● INSTRUCTIONS FOR THE TASK
Each entry should be restated word for word, with all pictures left out.

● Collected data
++++++++++

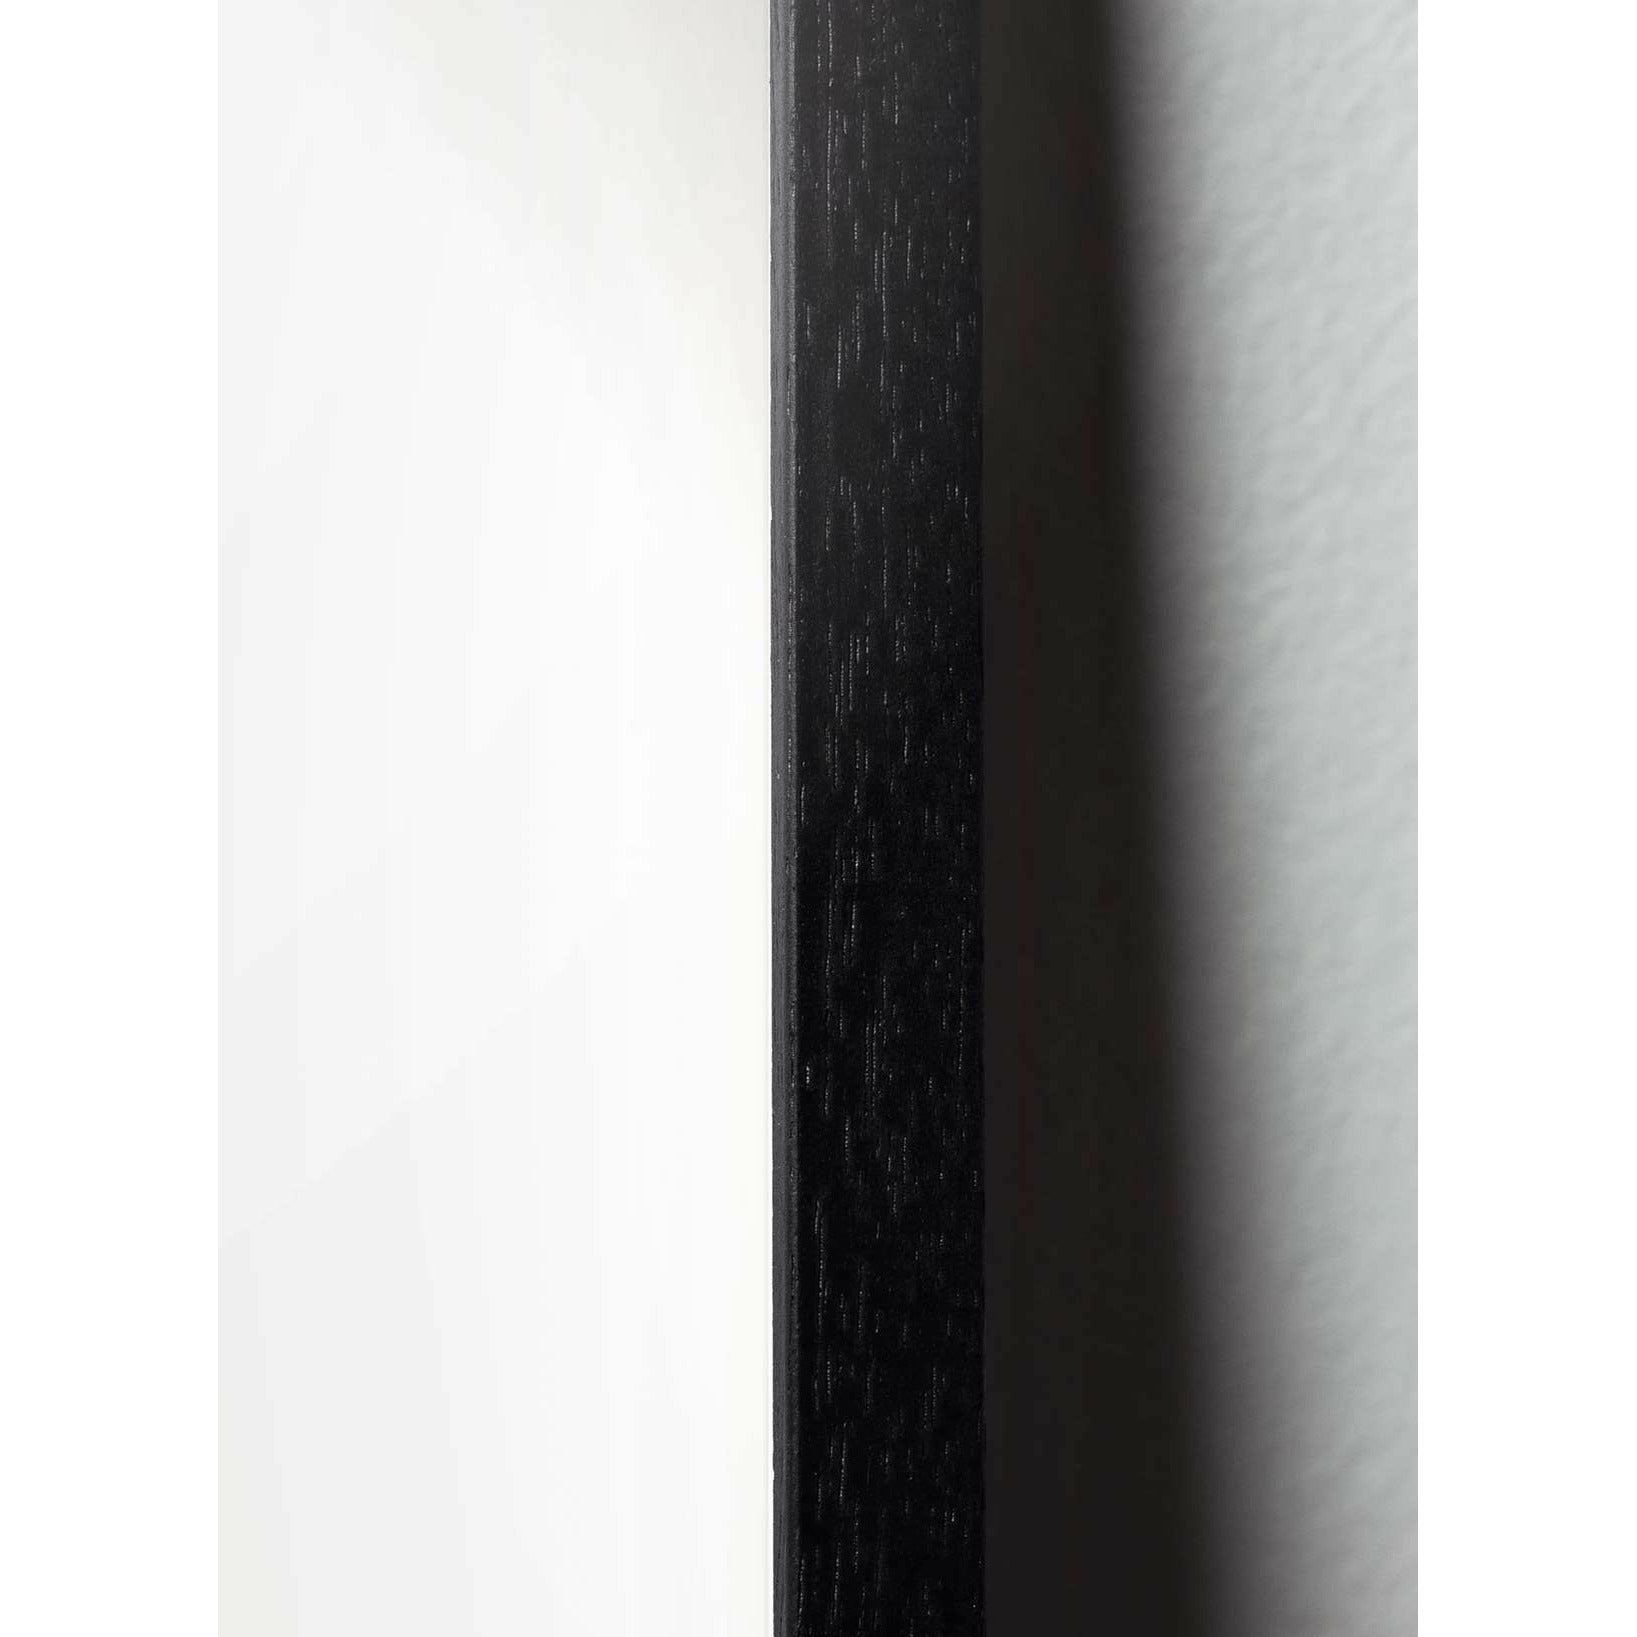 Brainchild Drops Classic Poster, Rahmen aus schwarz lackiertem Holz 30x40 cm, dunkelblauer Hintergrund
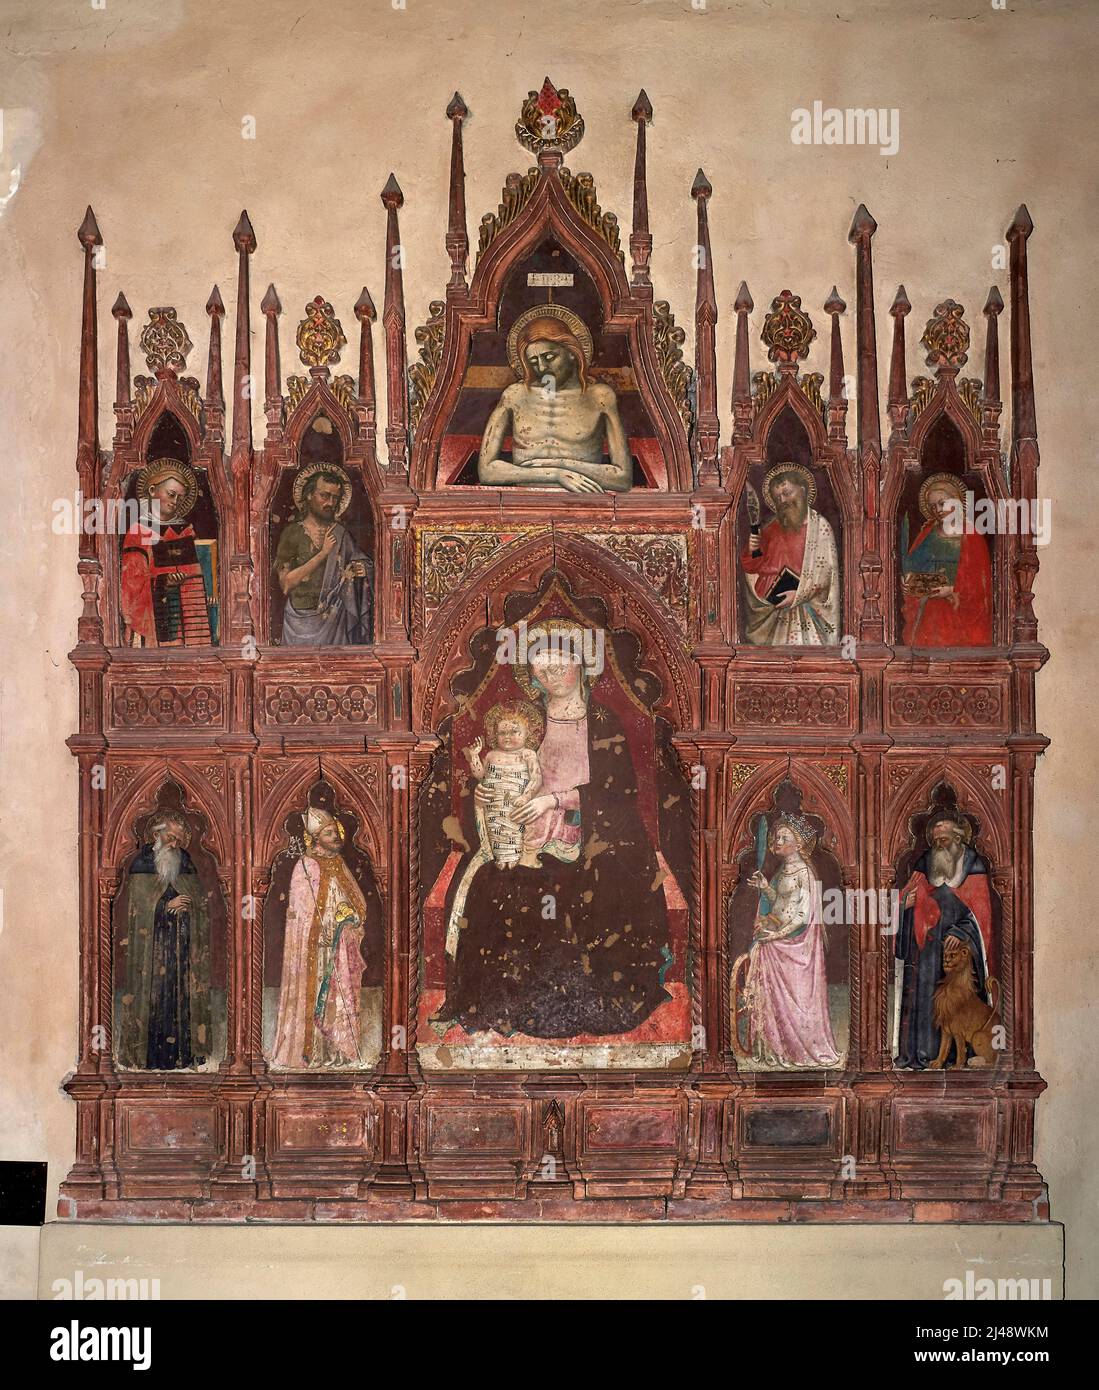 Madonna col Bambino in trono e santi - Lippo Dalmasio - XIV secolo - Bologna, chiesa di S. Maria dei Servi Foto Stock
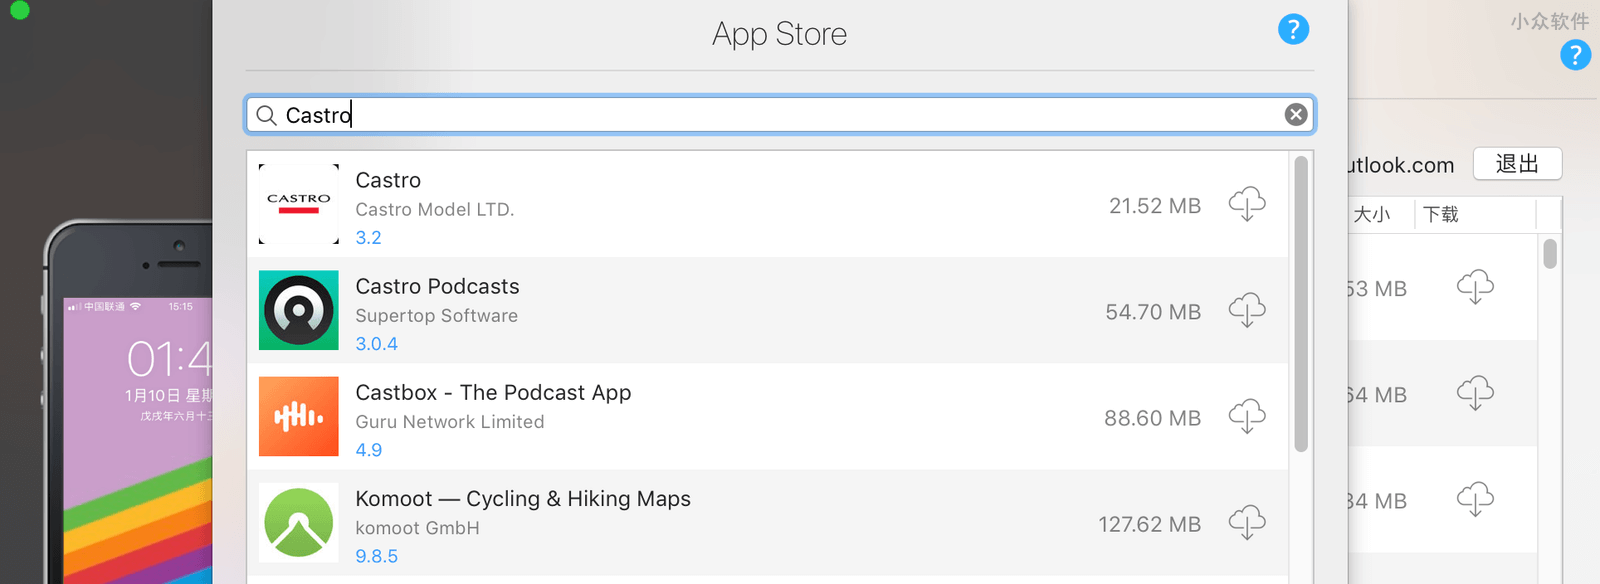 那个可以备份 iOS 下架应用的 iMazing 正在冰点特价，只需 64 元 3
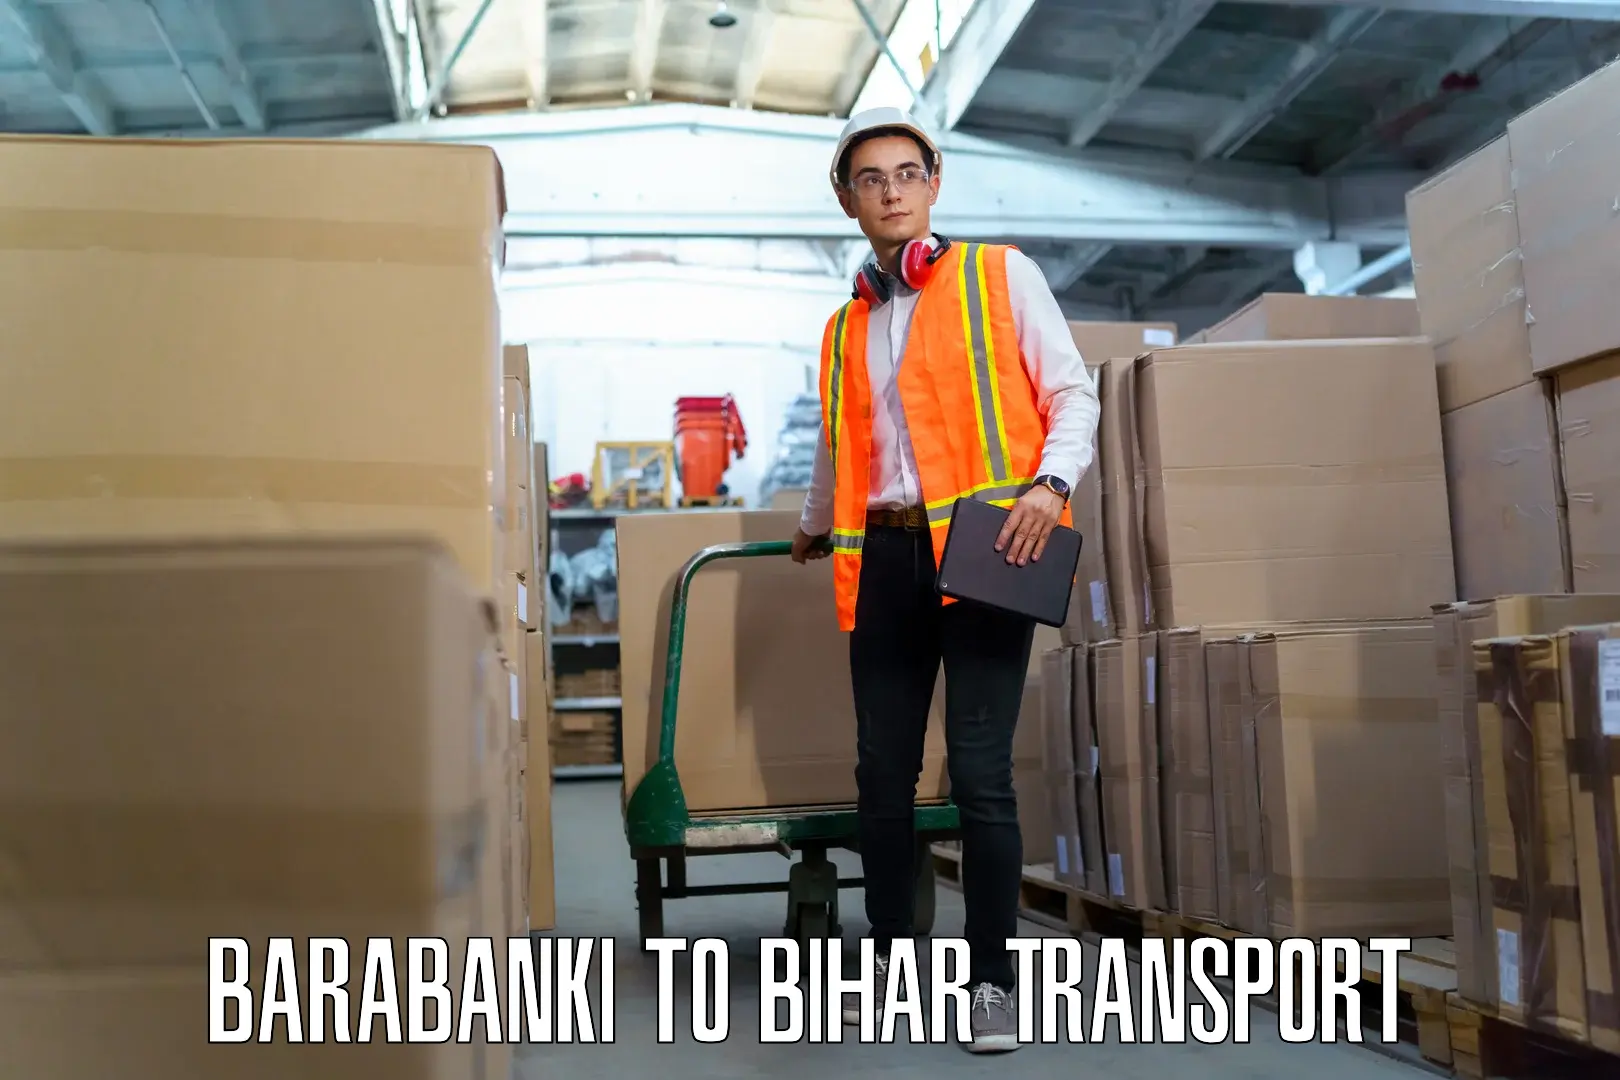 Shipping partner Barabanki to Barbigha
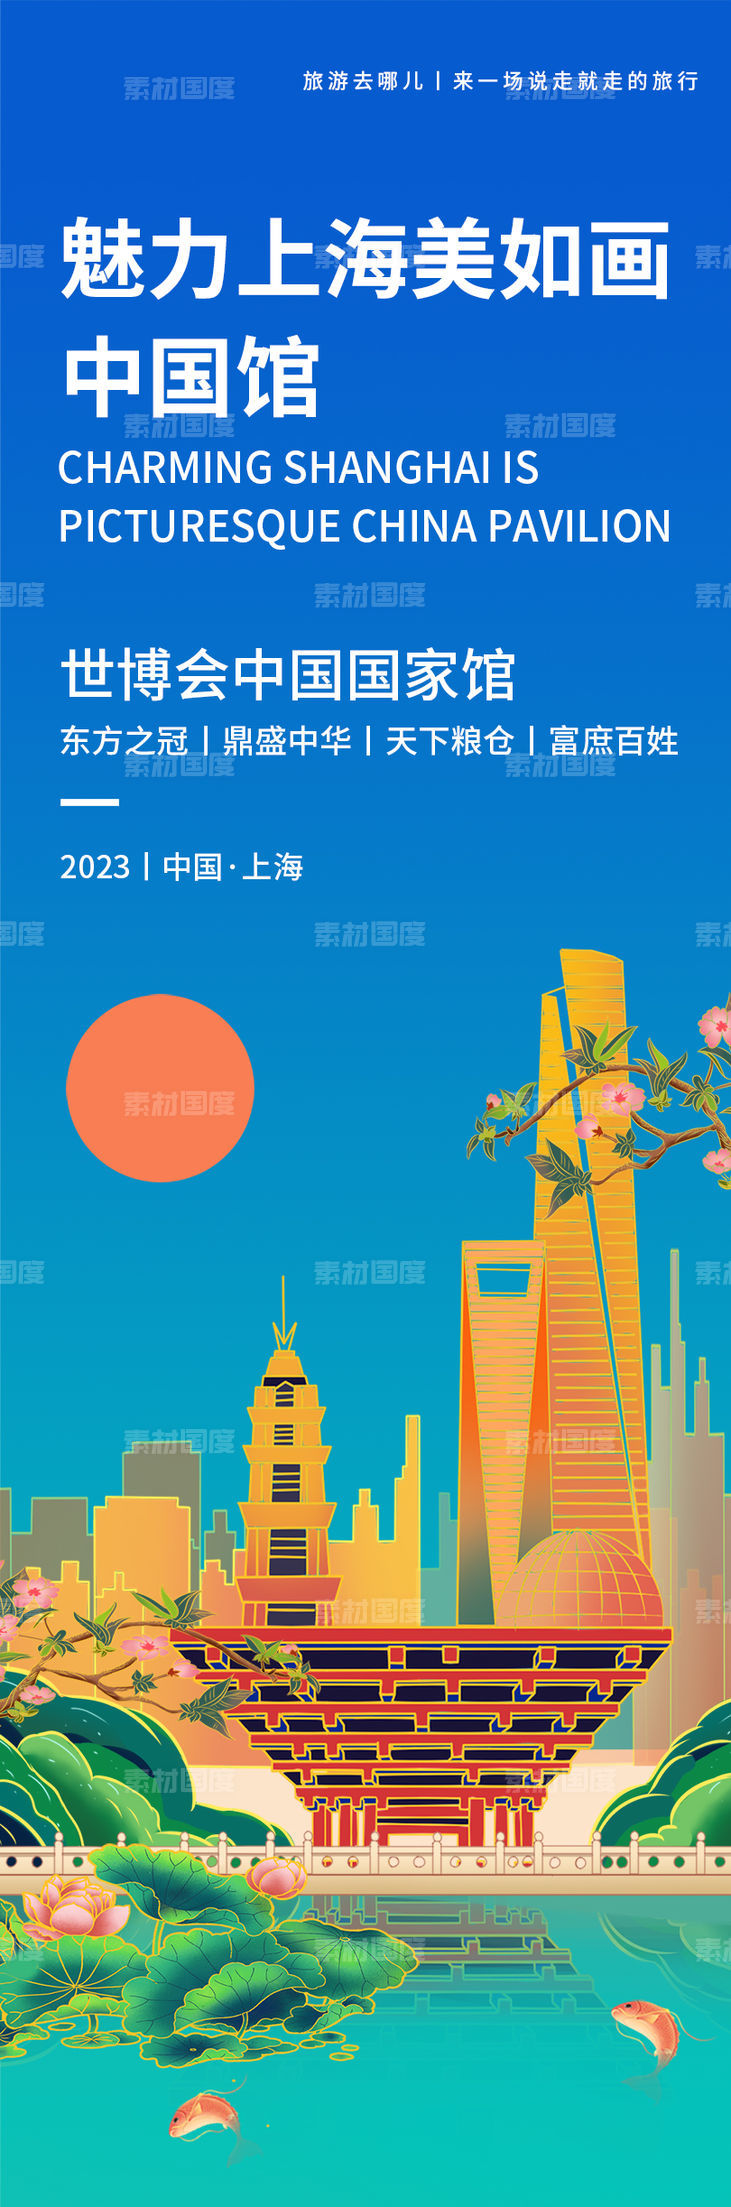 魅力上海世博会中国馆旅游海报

++++++++++

● COMPLETED TASK
 Brainchild Drops Classic Poster, Rahmen aus schwarz lackiertem Holz 30x40 cm, dunkelblauer Hintergrund
 Madonna col Bambino in trono e santi - Lippo Dalmasio - XIV secolo - Bologna, chiesa di S. Maria dei Servi Foto Stock
 那个可以备份 iOS 下架应用的 iMazing 正在冰点特价，只需 64 元 3
 Shipping partner Barabanki to Barbigha
 魅力上海世博会中国馆旅游海报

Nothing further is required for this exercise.